You do support dynamic imports. Even with esm you support await import(), so it feels counter intuitive that this wouldn't work.
Dynamic requires/imports are for a non-static specifier imo, not for a non-static module map.
This stopped working in Node.js v7.1.0. The last working version is Node.js v6.17.1
This is unfortunately ancient and hardly a regression at this point.
I guess the use case you want to support was never "supported" by Node.js - there were no tests to cover it. It just "worked" because Node.js is exceptionally malleable and folks could do all sorts of things with it. Unfortunately, ESM removed some of that flexibility.
What you want to achieve could be easily implemented for ESM dependencies using loader hooks. What you miss is an implementation for this for CJS, would you like to contribute it? cc @GeoffreyBooth
@mcollina I'd love to submit a fix for this, with guidance. Is a new API needed to clear this cache or can we hook on require.cache some how?
@matthewp I'm not that familiar with the commonjs loader to guide you, but I'll be very happy to review any intermediate step before marking the PR ready. I'm also happy to jump on a call.
There's several caches in the CJS loader, how do people feel about a require.clearCache() (bikeshed) or similar method to clear them all?
There's several caches in the CJS loader, how do people feel about a require.clearCache() (bikeshed) or similar method to clear them all?
My only opinion on that front would be "rather import {clearRequireCache} from 'nodejs:module';", hanging non-local things on require is always a bit confusing. EDIT: Overall, a function to reset the cache SGTM. But I'll say that it may become confusing with ESM if people expect it to also work there.
@matthewp Feel free to take my code from https://github.com/nodejs/node/pull/31921 and rebase it/copy it over the changed loader code. Happy to answer any questions about it.
I have hesitations about this. We can’t and possibly won’t ever be able to clear the ESM cache, because the modules are loaded into V8 and V8 doesn’t provide an ability to unload them as far as I know. The CommonJS and ESM caches overlap somewhat, if I remember correctly; I think this “package.json cache” is something that’s shared between the two loaders. It feels like it would be problematic to be able to clear the package.json metadata from our cache for a module that’s in V8 and can’t be removed. At the very least it would introduce extra complexity to both loaders, potentially limiting the performance optimizations that could be achieved, and the use case doesn’t feel very compelling to me to accept those future limitations.
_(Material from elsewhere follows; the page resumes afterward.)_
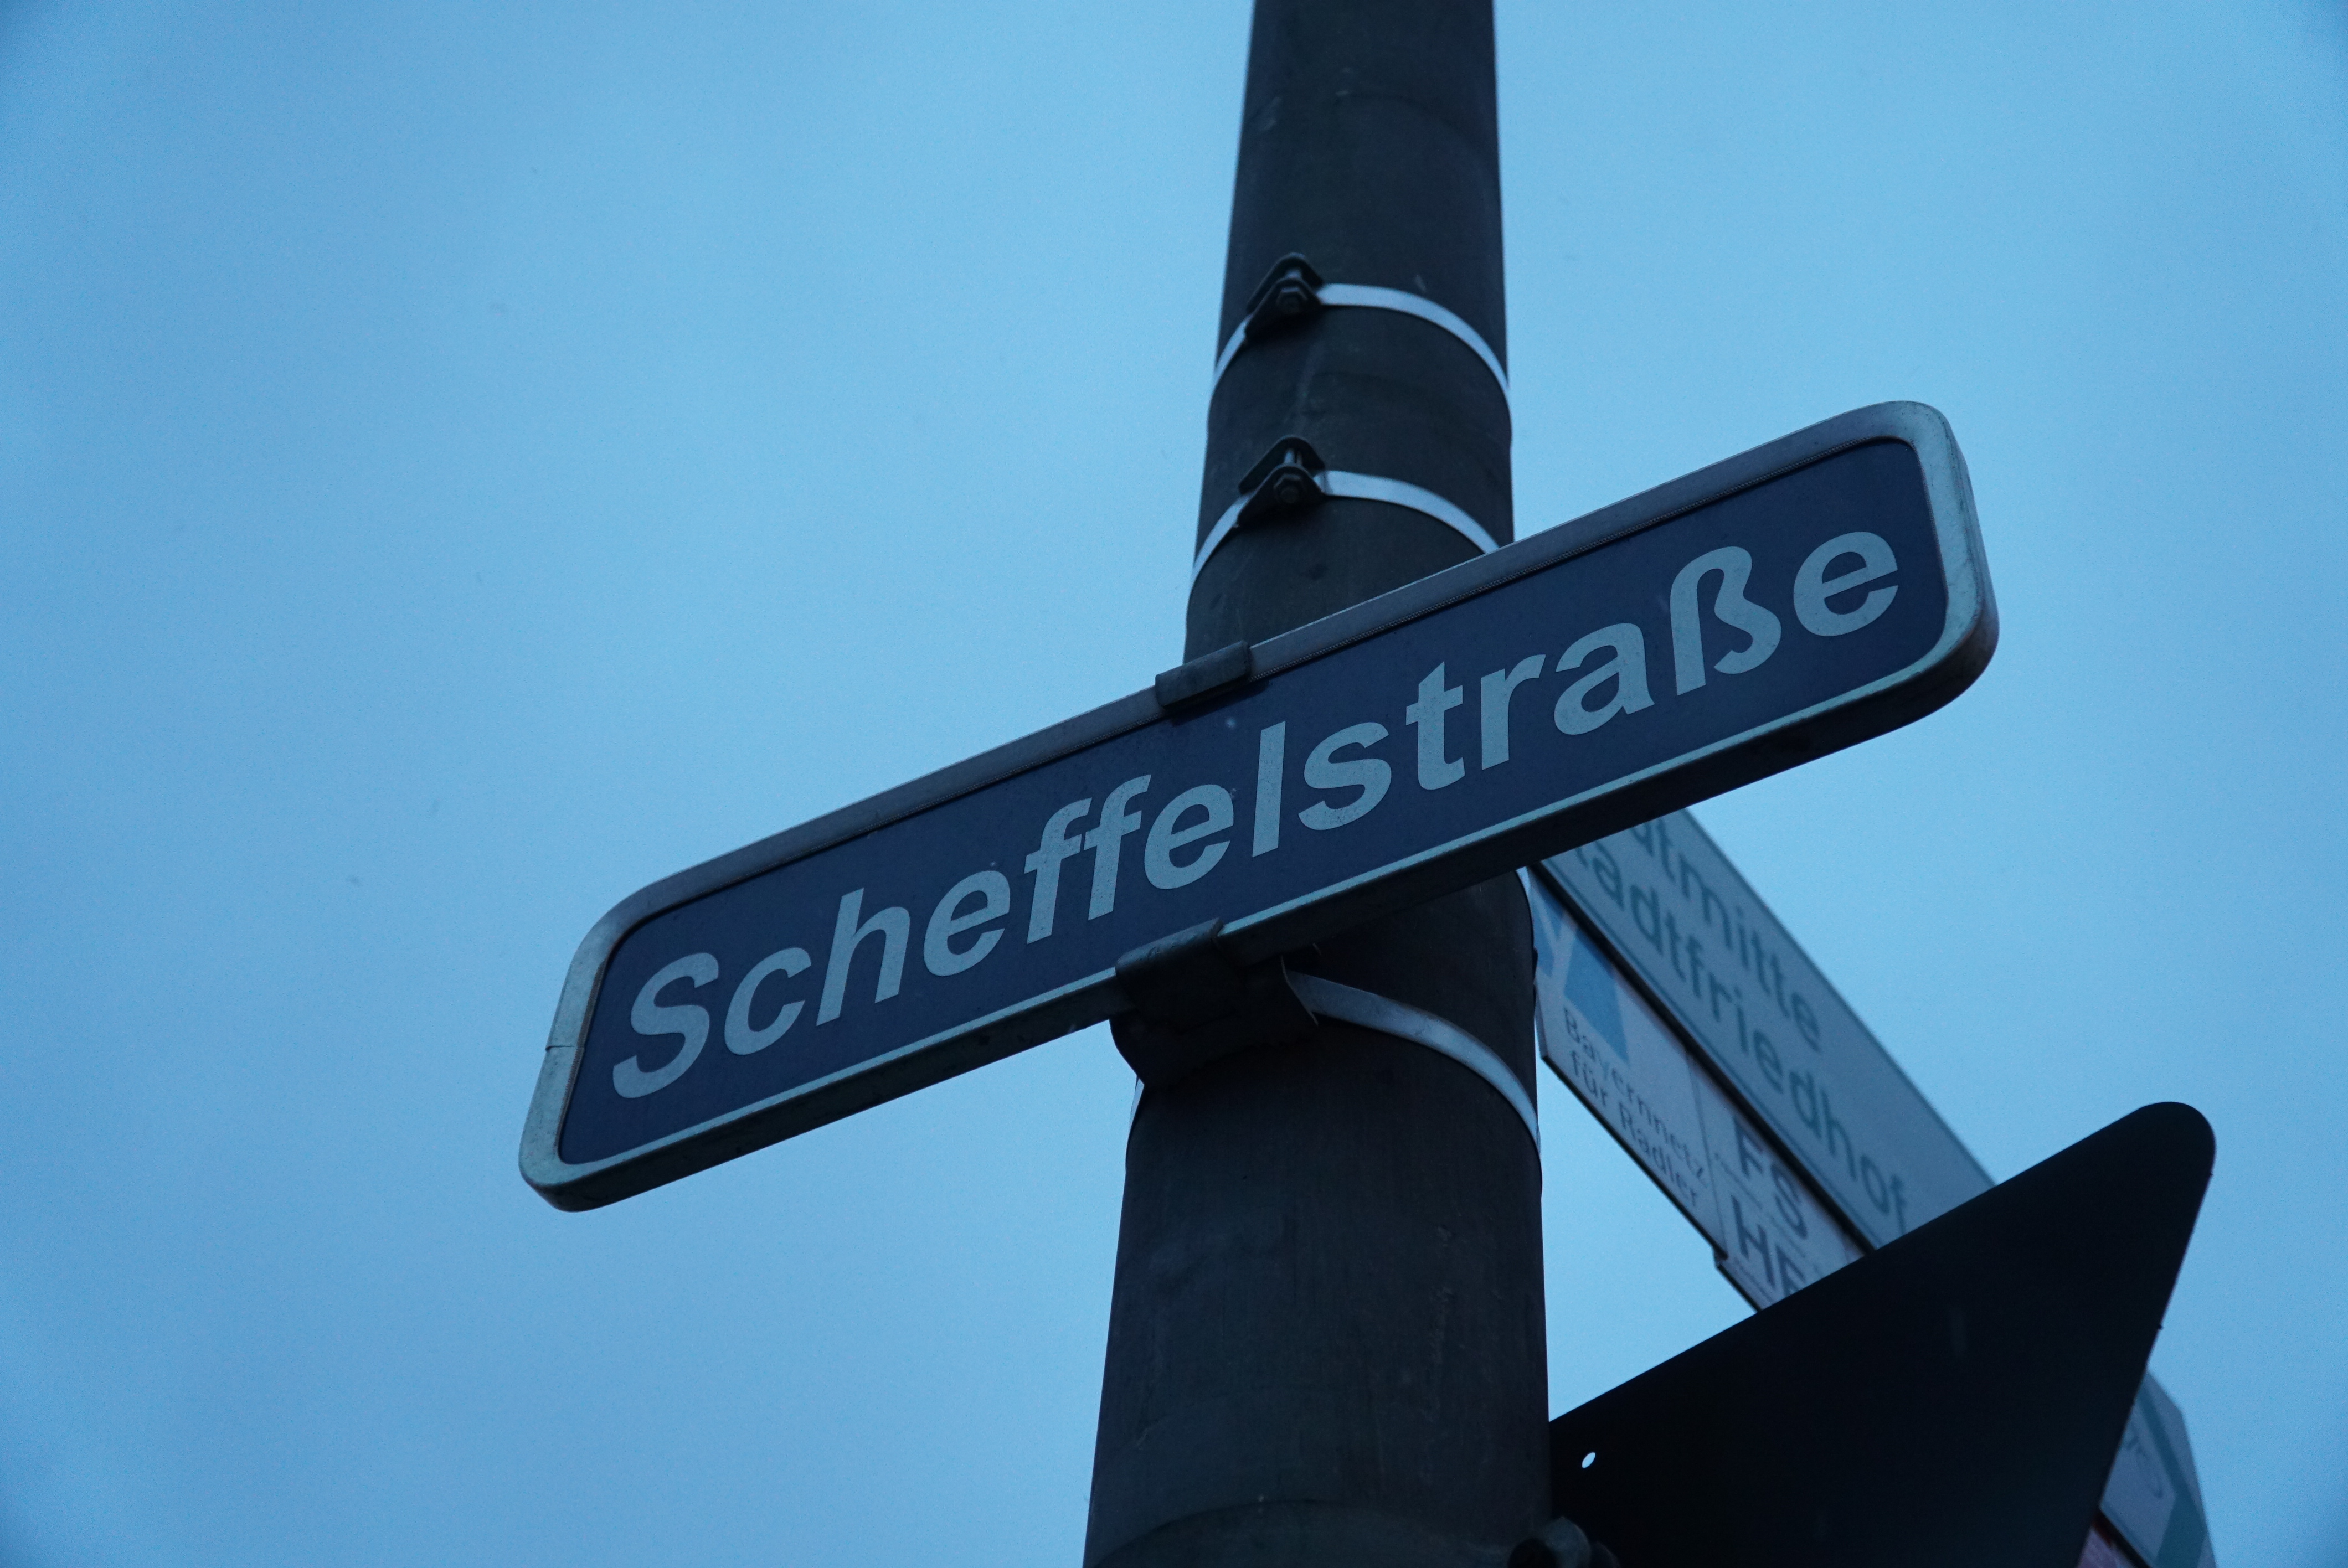 Scheffelstraße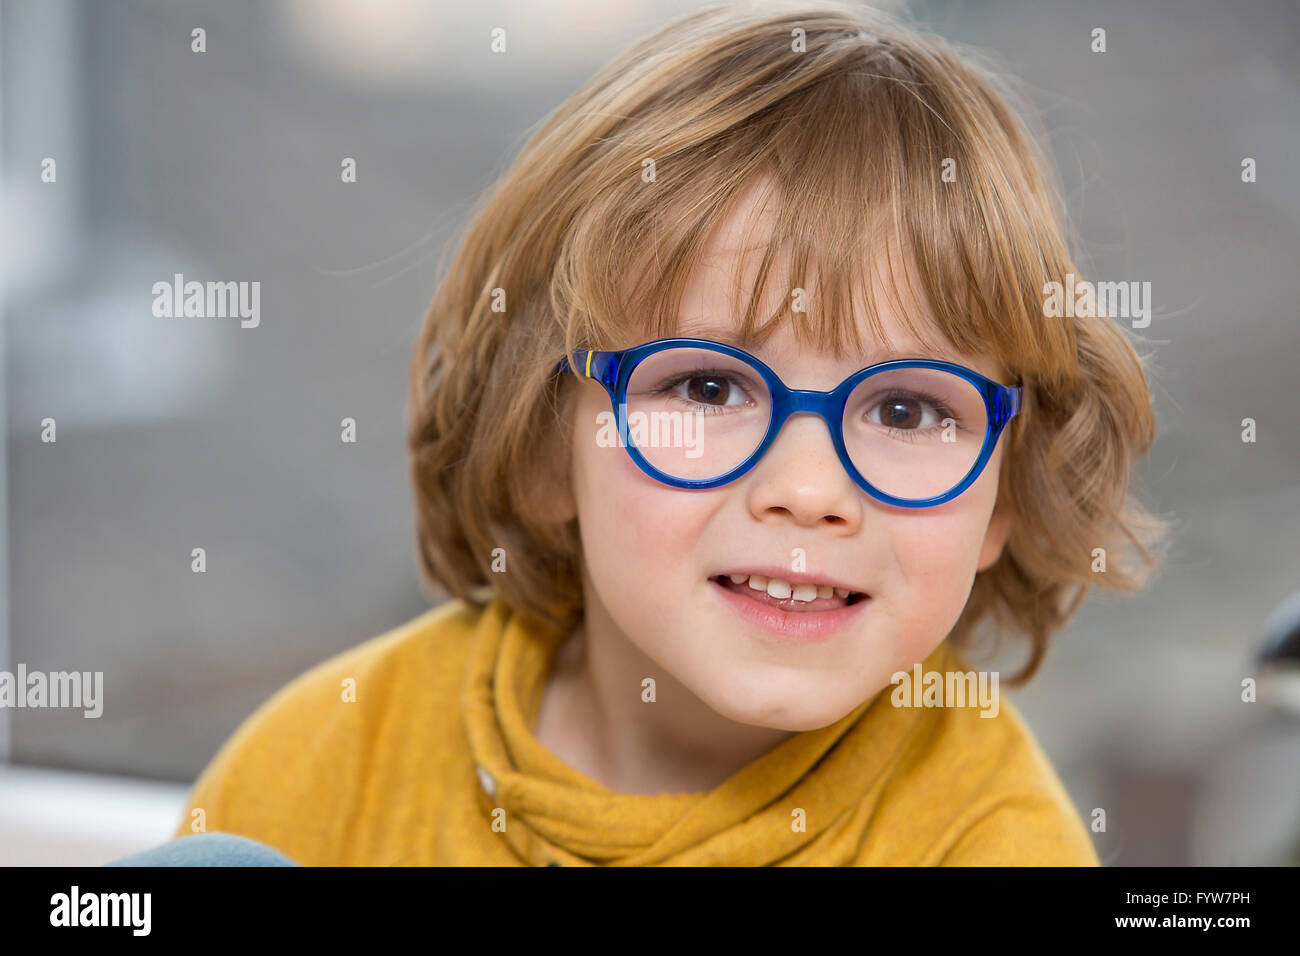 Jeune garçon, 6 ans, a l'air sympa, les sourires, avec des lunettes, avec un cadre bleu, Banque D'Images

Another way to solve the original problem is to create a tool that analyzes the Node application to be run, tracing all the require and import statements the way bundlers do, assembling a list of all such calls; and try to dynamically require or import them, assembling a list of any calls that fail. Then run npm install or yarn install or whatever to install all the missing dependencies. There probably already exists a tool to find all the dependencies of a Node app, since I know there are tools that analyze apps to tell you of any dependencies that are missing from your package.json; such a library could be extended upon to achieve what you’re looking for here. Anyway once this command-line tool is built, simply run it before running the Node app, and you will have achieved the same result.